Falsifiability is integral to the integrity of the method because in attempting to externalise and systematise our cognitive shortcomings, it provides a mechanism to challenging our biases and perceptions. And this can be particularly difficult, because it pits evidence and facts, which are not the substance that guide most decisions people make, against an individual’s preconceived beliefs, values, and moral framework. Cognitive dissonance is a powerful blindspot, allowing us to reconcile evidence against a belief we may hold either by dismissing the inconsistency between evidence and our belief, or by rationalising our belief so as to appear congruent with the evidence. With nearly all of the major political, social, and cultural questions of the day polarised along moral value lines, there is a pernicious tendency which may influence this dissonance: morality-justified motivated reasoning (where people evaluate arguments in a biased fashion in order to arrive at a conclusion they prefer).

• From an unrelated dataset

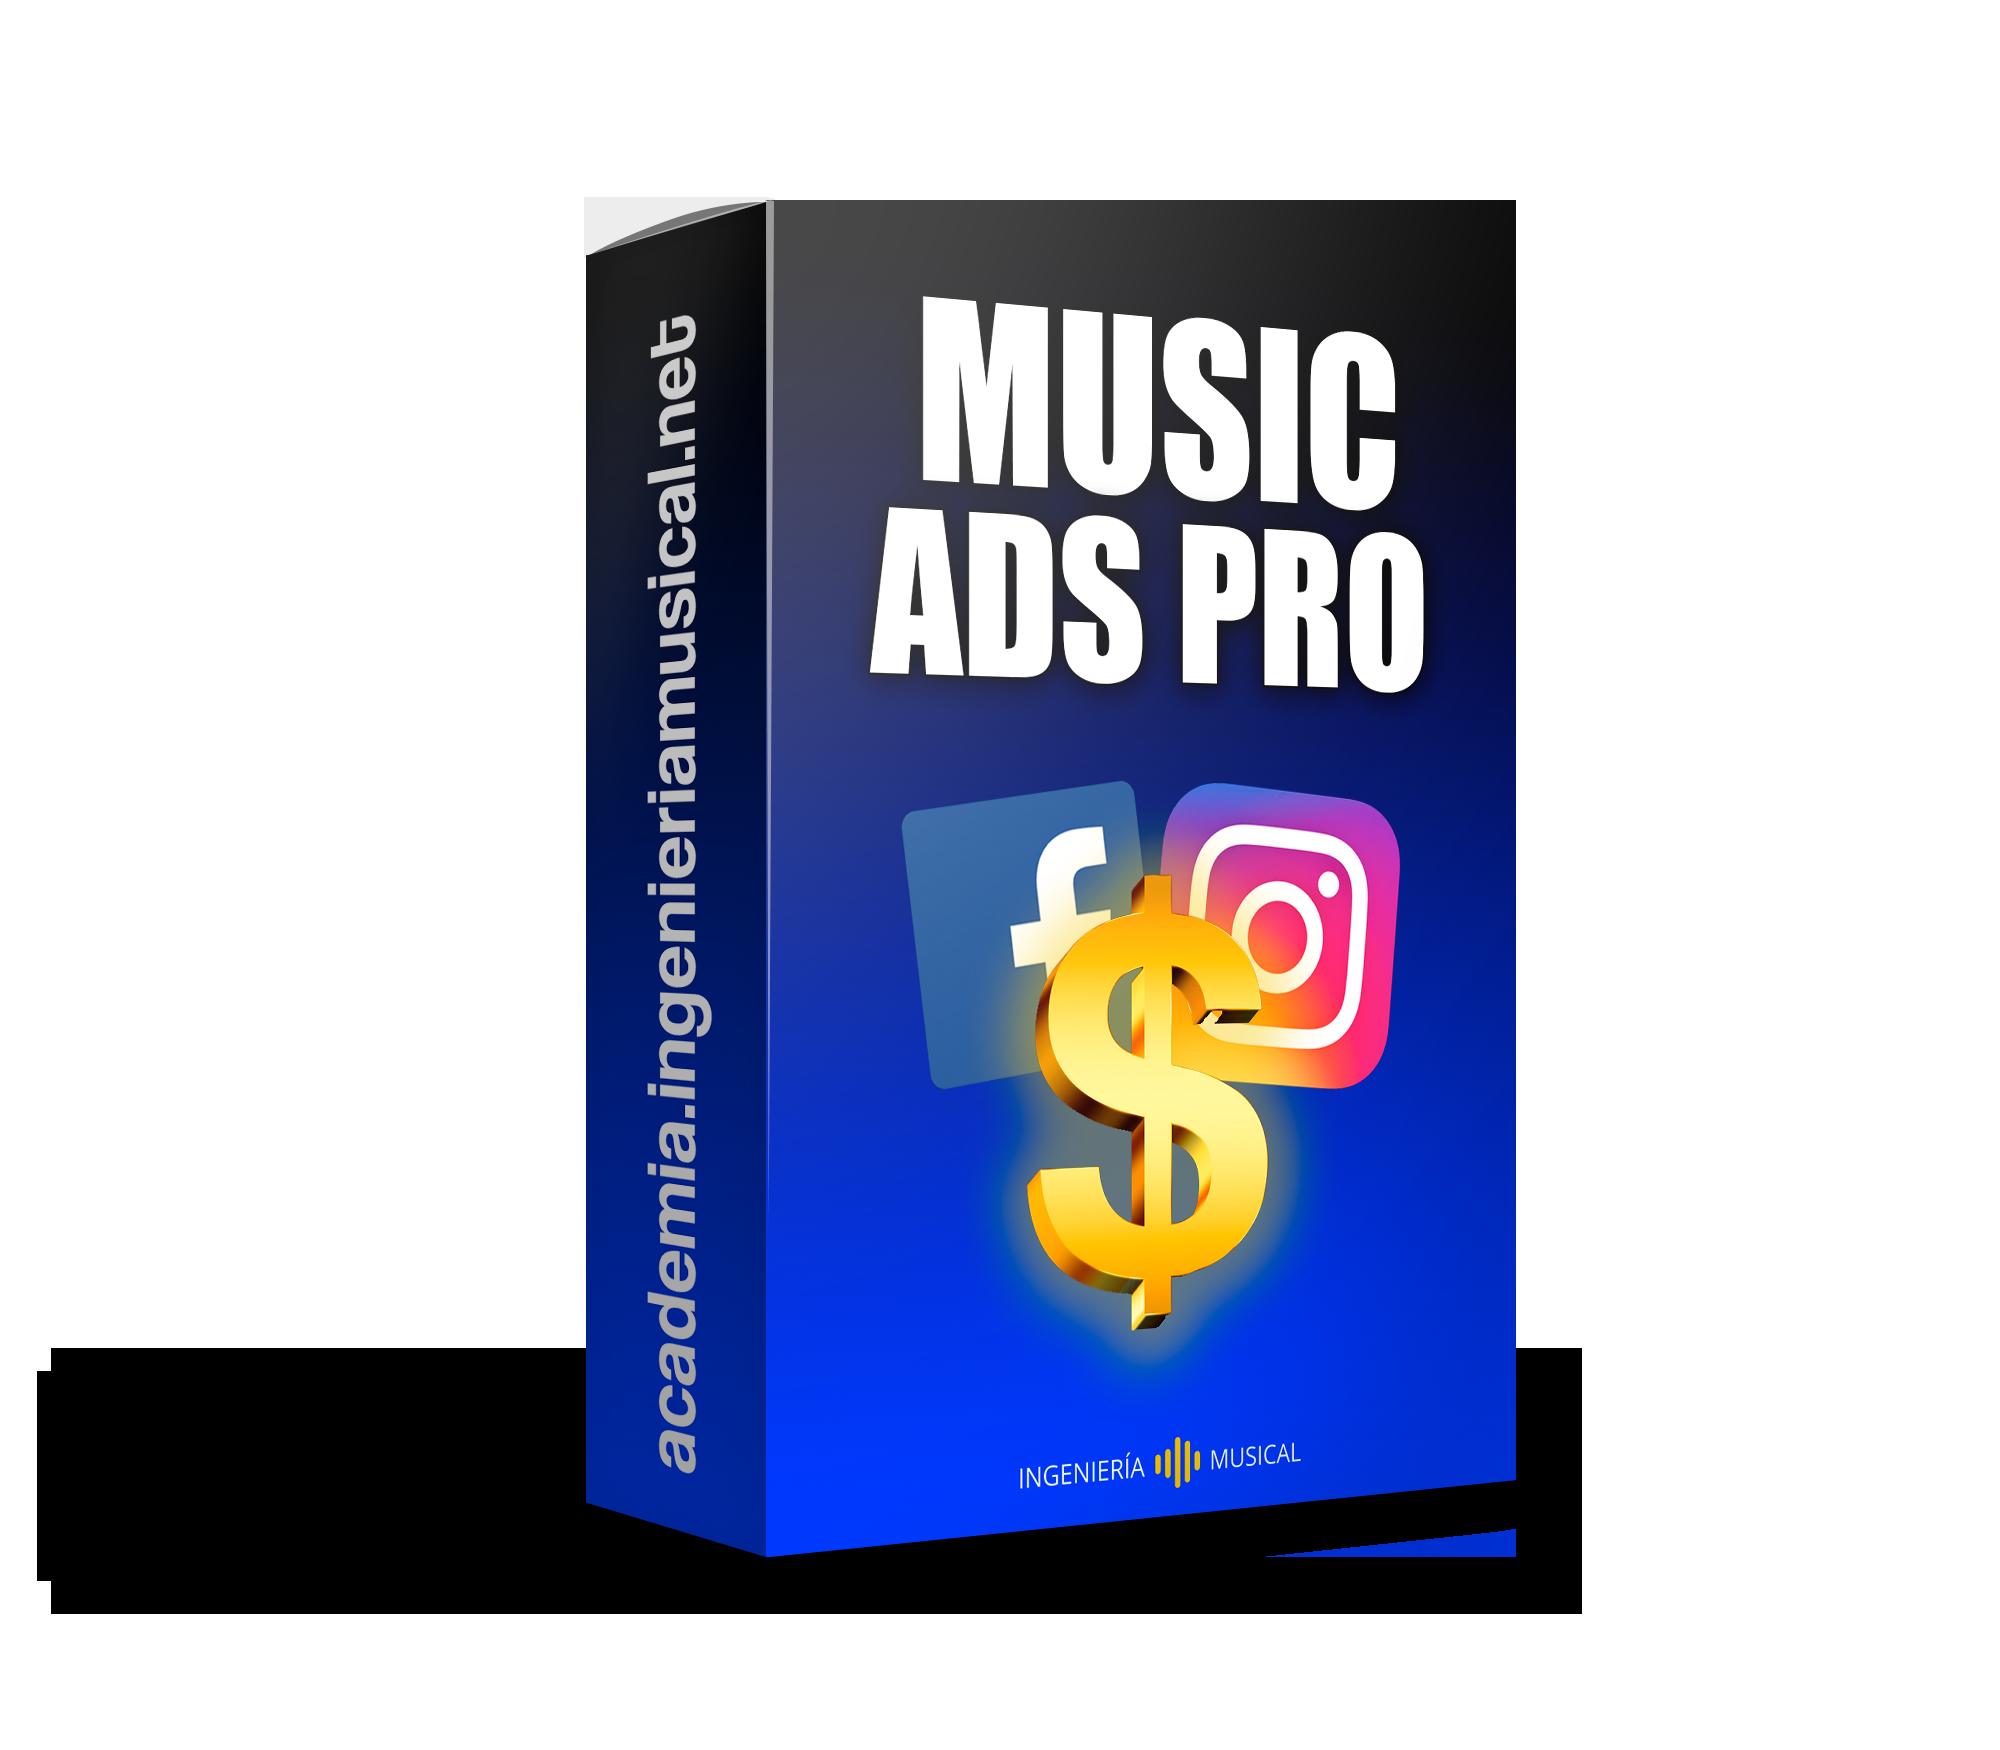 Music ADS Pro

A series of experiments published in 2015 by Friesen, Campbell, and Kay, presented participants’ who were either in favour of, or opposed to, same-sex marriage, with concocted scientific “facts” that either supported or rejected their position on the issue. When presented with the concocted facts that purported to show the opposite of their belief, both groups reframed the issue: it wasn’t about what the facts indicated, it was a question of moral opinion. This was characterised as a “defensive function” of holding unfalsifiable beliefs, allowing the belief to be defended in the fact of contradictory evidence. However, an “offensive function” was also evident: when participants were told their beliefs could not be falsified by facts, their position became more entrenched.
This ability to engage morality-justified motivated reasoning extends not only to what a person believes themselves, but that they think others ought to believe. Another series of experiments published in 2021 by Cusimano & Lombrozo provided participants with different mock scenarios based on fictional characters. Each scenario contained a factually accurate interpretation of the scenario, a belief-based interpretation, and a moral justification for the belief-based interpretation. The participants were asked which of these interpretations the main character in the scenario should believe; they used motivated reasoning to justify that the main character ought to prefer the belief-based interpretation of the facts. Thus, the participants knowingly endorsed non-evidential norms to support the belief.

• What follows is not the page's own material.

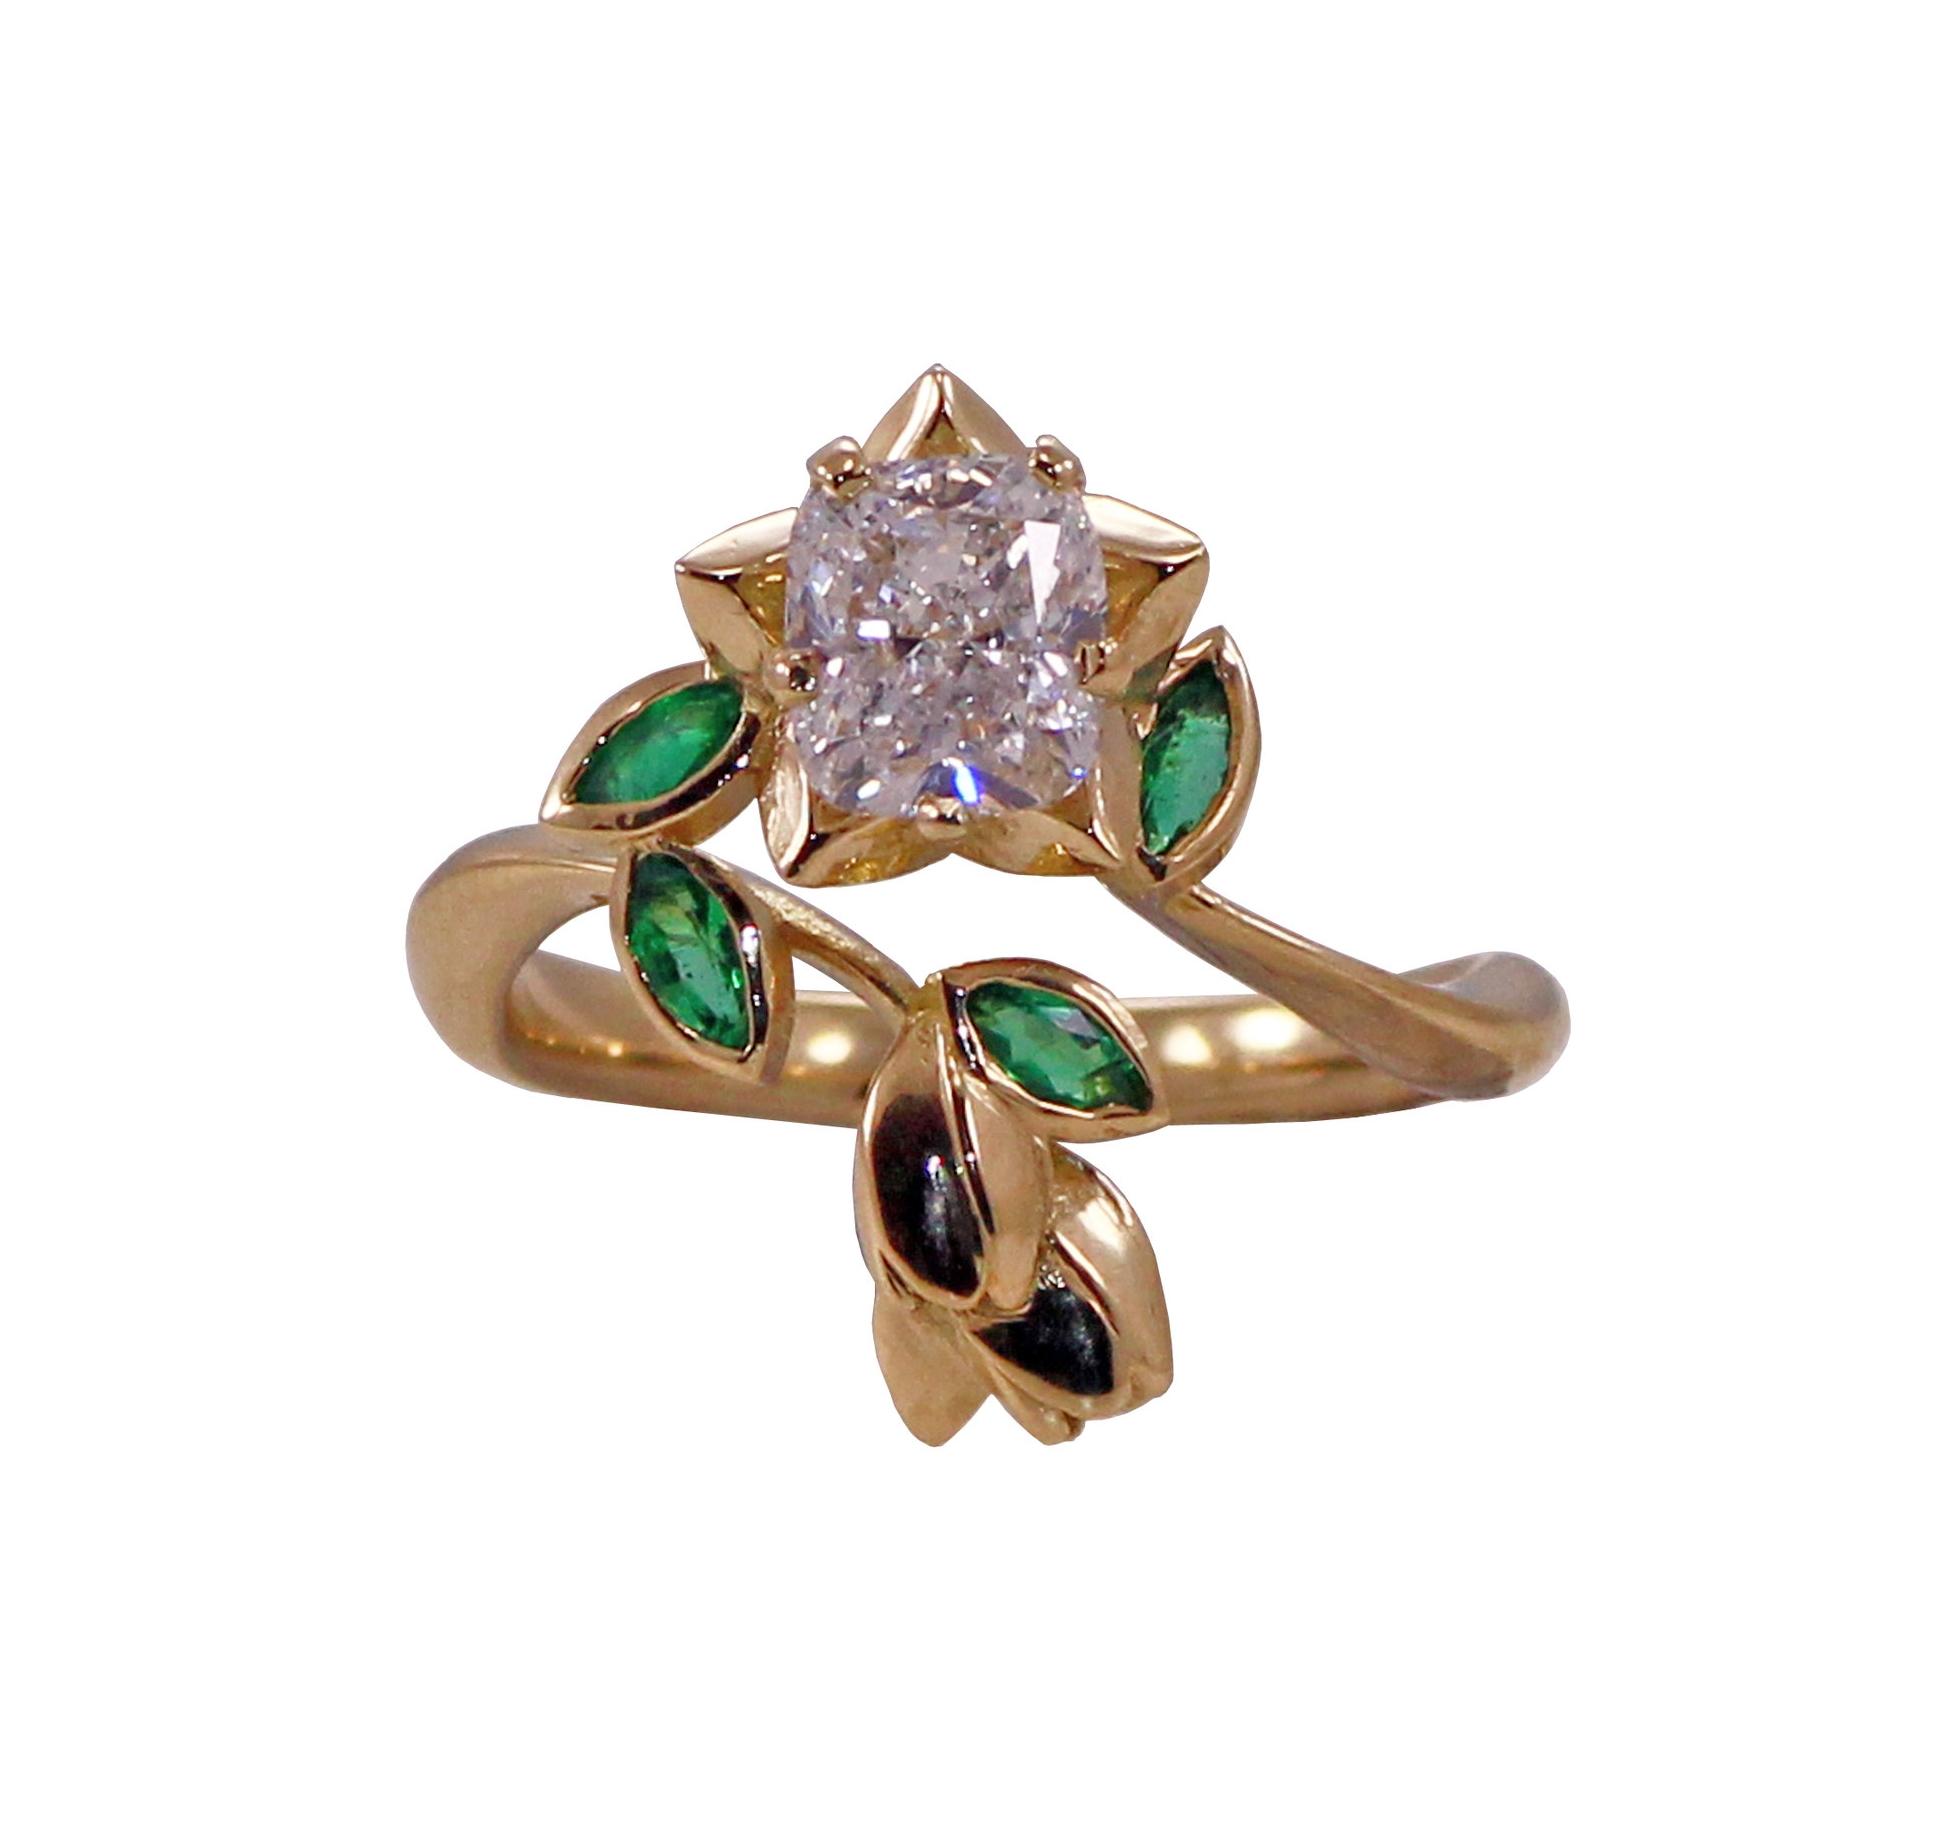 Bespoke Cushion Cut Diamond & Emerald Ring

The study then asked participants to make a prospective judgment about what the main characters in the scenarios should believe, before revealing to them what the characters had actually decided. Again, participants affirmed that a moral evaluation of the facts justified a more belief-based view of the scenario than the objective facts presented. Thus, participants decided what others ought to believe, and were justified in so believing, based on what was morally beneficial for them to believe in the circumstance, even where that moral benefit contrasted with factual accuracy. Morality-justified motivated reasoning provided participants with a cognitive tool to reframe the evaluation of facts in light of the moral belief, such that whatever little evidence supports the belief constitutes sufficient evidence because of the moral quality of the belief.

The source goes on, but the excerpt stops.